Random beacon.
10-second rounds.

Validator-signed hash chain. Each round's hash = sha256(round || prevHash || sortedSigs). Drand-inspired. Anyone can replay a historic round deterministically. Use for NFT mint order, lottery draws, game seeds, gaslane rotation.

Current round
prev: sigs: / 9 age:

How it works

Every 10 seconds, validators collectively sign round || prevHash. We hash round || prevHash || sortedSigs with SHA-256. Output is the beacon. Because sigs are included in the hash input, no validator can bias the output unilaterally — they'd have to break SHA-256.
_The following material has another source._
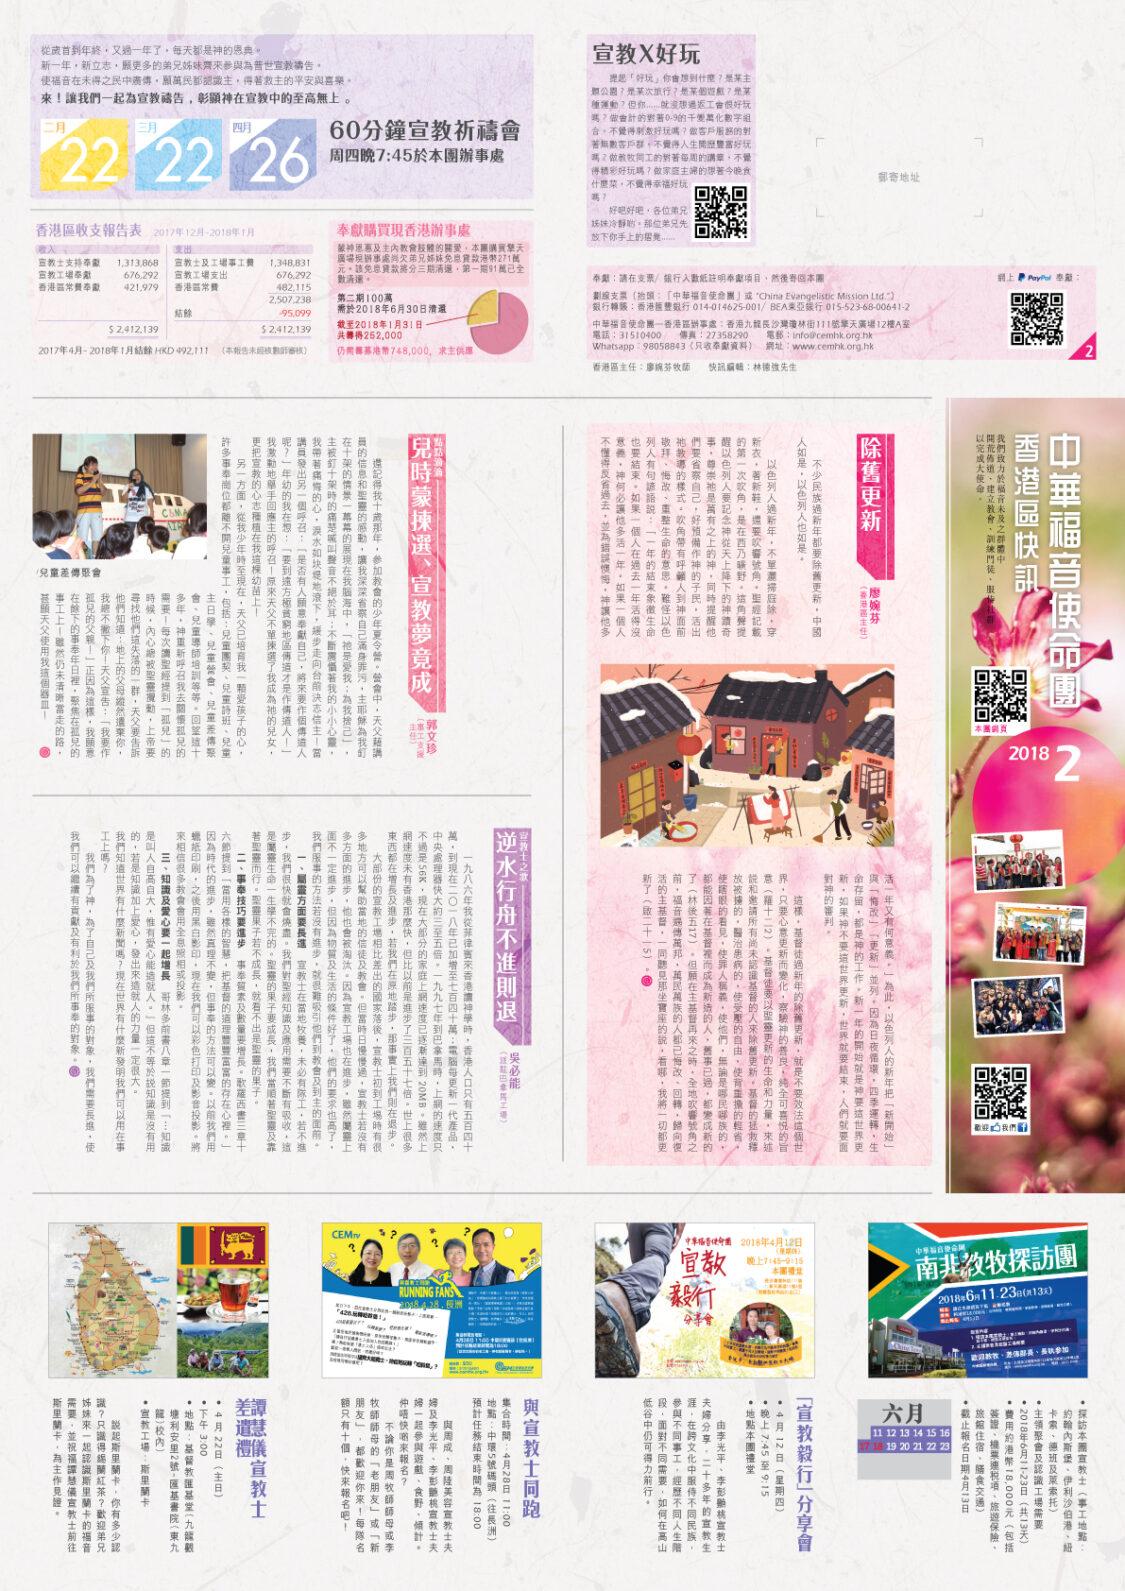 香港區快訊 2018(02) v4-01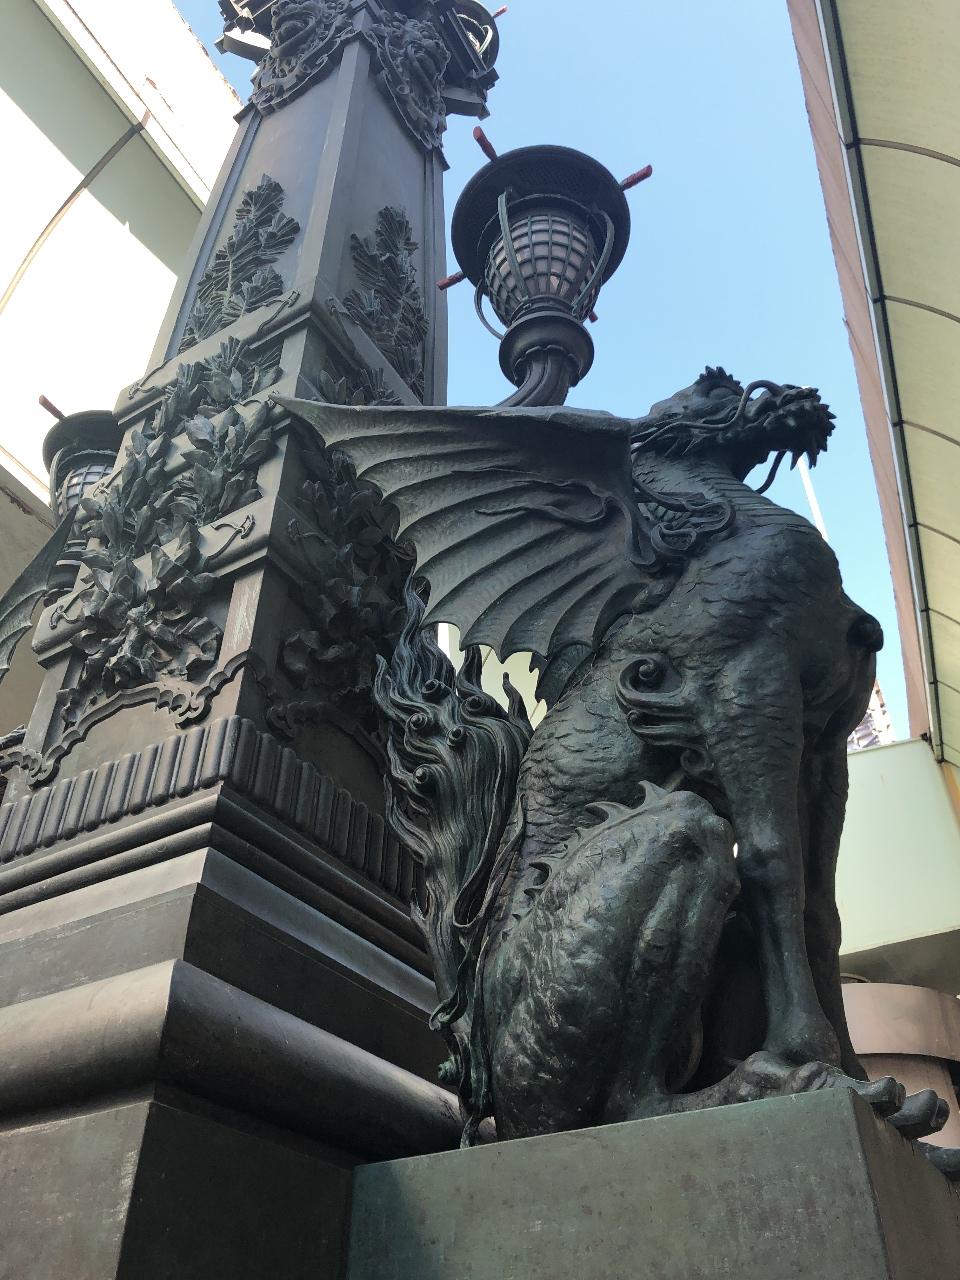 青銅製の麒麟像(キリン像)

Consumers pin to a round number in advance (e.g. "NFT mint order uses round 90210"). The round becomes public at its scheduled time. Deterministic replay — GET /v1/oracle/randomness/round/90210 — lets anyone re-derive the same output.

Guarantees

Liveness: 2/3 of validators online → beacon never stalls.

Unbiasable: final round hash depends on all sigs; one validator can't predict before others reveal.

Deterministic: same inputs → same hash, forever.

Not yet: full VRF (verifiable random function) — Q3 roadmap.

Last 20 rounds

Honesty: Randomness beacon is a validator-signed hash chain, not VRF-cryptographic yet (Q3 roadmap). Good enough for NFT mint ordering, lottery draws, and low-stakes games. For cryptographic-grade randomness in high-value applications, wait for the VRF upgrade.